In the above embodiment, both shafts 1
A single wire spring 13 is employed as an elastic body interposed between the fitting portions 1 and 12 to press a part of the shaft portion 12a of the interior shaft 12 against a part of the hole portion 11a of the exterior shaft 11. The body is not limited to the wire spring 13, but can be changed as appropriate, and can be constituted by a plurality.
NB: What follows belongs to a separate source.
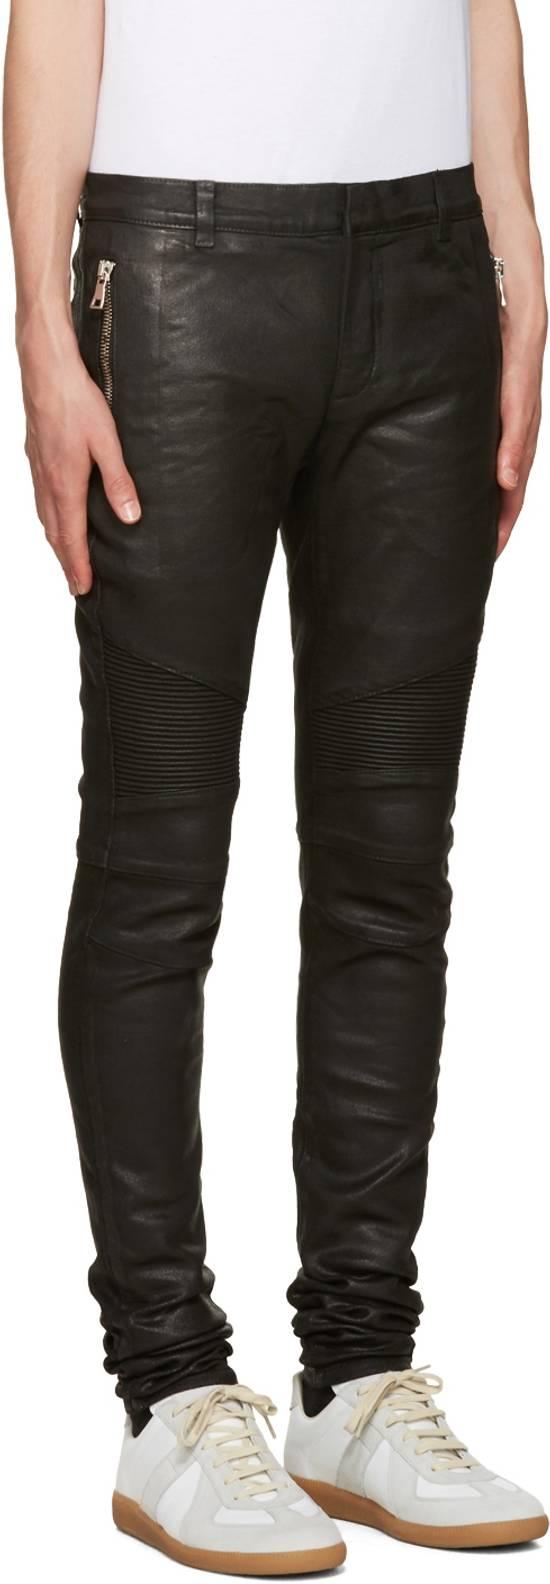 Balmain 1265$ Skinny Coated Stretch Denim Biker Jeans Size US 27 - 1
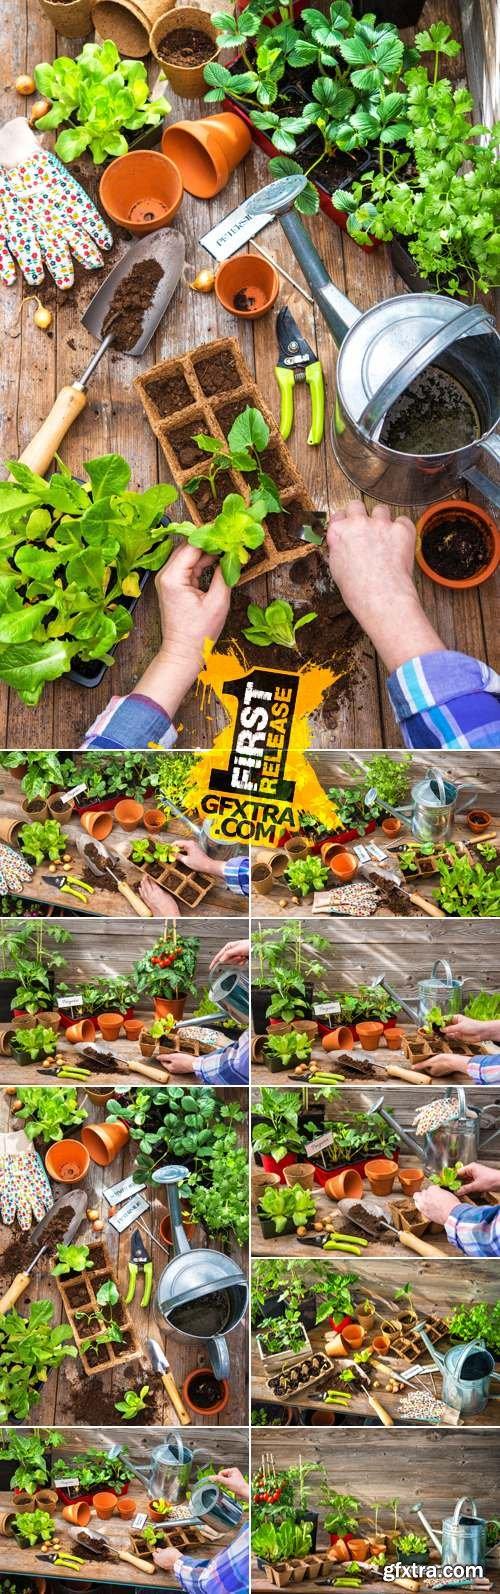 Stock Photo - Planting Seedlings

In the above embodiment, the wire spring 1
3 is resiliently engaged with the tapered surface S11 of the exterior shaft 11 and resiliently engaged with the tapered surface S12 of the interior shaft 12, so that the two shafts 11 and 12 respectively have radial and rotational directions. I tried to give a bias,
The structure for applying the urging force in the radial direction and the rotational direction to each of the shafts 11 and 12 by the elastic body such as the wire spring 13 can be appropriately changed and implemented.

In the above embodiment, the present invention is applied to the steering shaft 10. However, the present invention relates to an exterior shaft having a hole having a non-circular cross-section, and an axial shaft having a hole having a non-circular cross-section. An interior shaft having a shaft portion fitted so as to be slidable and capable of transmitting torque, and a part of the shaft portion of the interior shaft interposed between the fitting portions of these two shafts having a non-circular cross section of the exterior shaft. The present invention can be similarly implemented as long as the rotary shaft has an elastic body pressed against a part of the hole, and is not limited to the above embodiment.

In the above embodiment, the wire spring 1
3 was integrally mounted on the interior shaft 12 so as to be axially immovable, but the shape of the wire spring 13 was changed so that the wire spring (elastic body) was integrally mounted on the exterior shaft without being axially movable. It is also possible to carry out.

[Brief description of the drawings]

FIG. 1 is a longitudinal sectional front view of an essential part showing an embodiment of a coupling structure of a rotating shaft according to the present invention.

FIG. 2 is a sectional view taken along line AA of FIG.

FIG. 3 is an enlarged sectional view of a portion B in FIG. 2;

[Explanation of symbols]

10 ... steering shaft (rotating shaft), 11 ...
Exterior shaft, 11a: spline-formed hole with a substantially circular cross section, 11b: accommodation groove, 12: interior shaft, 12a
... A shaft portion having a non-circular cross-section to be spline-fitted, 12b... Accommodation groove, 12c, 12d... Mounting hole, 13... Wire spring (elastic body), 13a. Tapered surface, S12: Tapered surface.

 ──────────────────────────────────────────────────の Continuing on the front page (72) Inventor Nobuyuki Higashi 12 Aisin Light Metal Co., Ltd. at 12 Nagoe, Shinminato City, Toyama Pref. Inside

Claims (3)

[Claims] 1. An exterior shaft having a hole having a non-circular cross section, and an interior shaft having a shaft fitted into the hole having a non-circular cross section so as to be slidable in the axial direction and capable of transmitting torque. An elastic body interposed between the fitting portions of these two shafts and elastically pressing a part of the shaft part of the interior shaft to a part of the hole having a non-circular cross-section of the exterior shaft. An elastic body is attached to one of the shafts so as to be immovable in the axial direction, and frictionally engages with the other shaft to apply radial and rotational urging forces to the interior shaft and the exterior shaft, respectively. A rotating shaft coupling structure that has been adopted. 2. The elastic body is integrally attached to the interior shaft so as to be axially immovable and partly formed in a tapered portion formed in a hole of the exterior shaft and expanding inward in a radial direction. A single wire spring which resiliently engages with the other portion and which resiliently engages with a tapered portion which is formed on the shaft portion of the interior shaft and expands radially outward at the other part. 2. The connecting structure for a rotating shaft according to claim 1, wherein the connecting structure is provided. 3. The connecting structure of a rotary shaft according to claim 1, wherein the fitting of the two shafts is a spline fitting.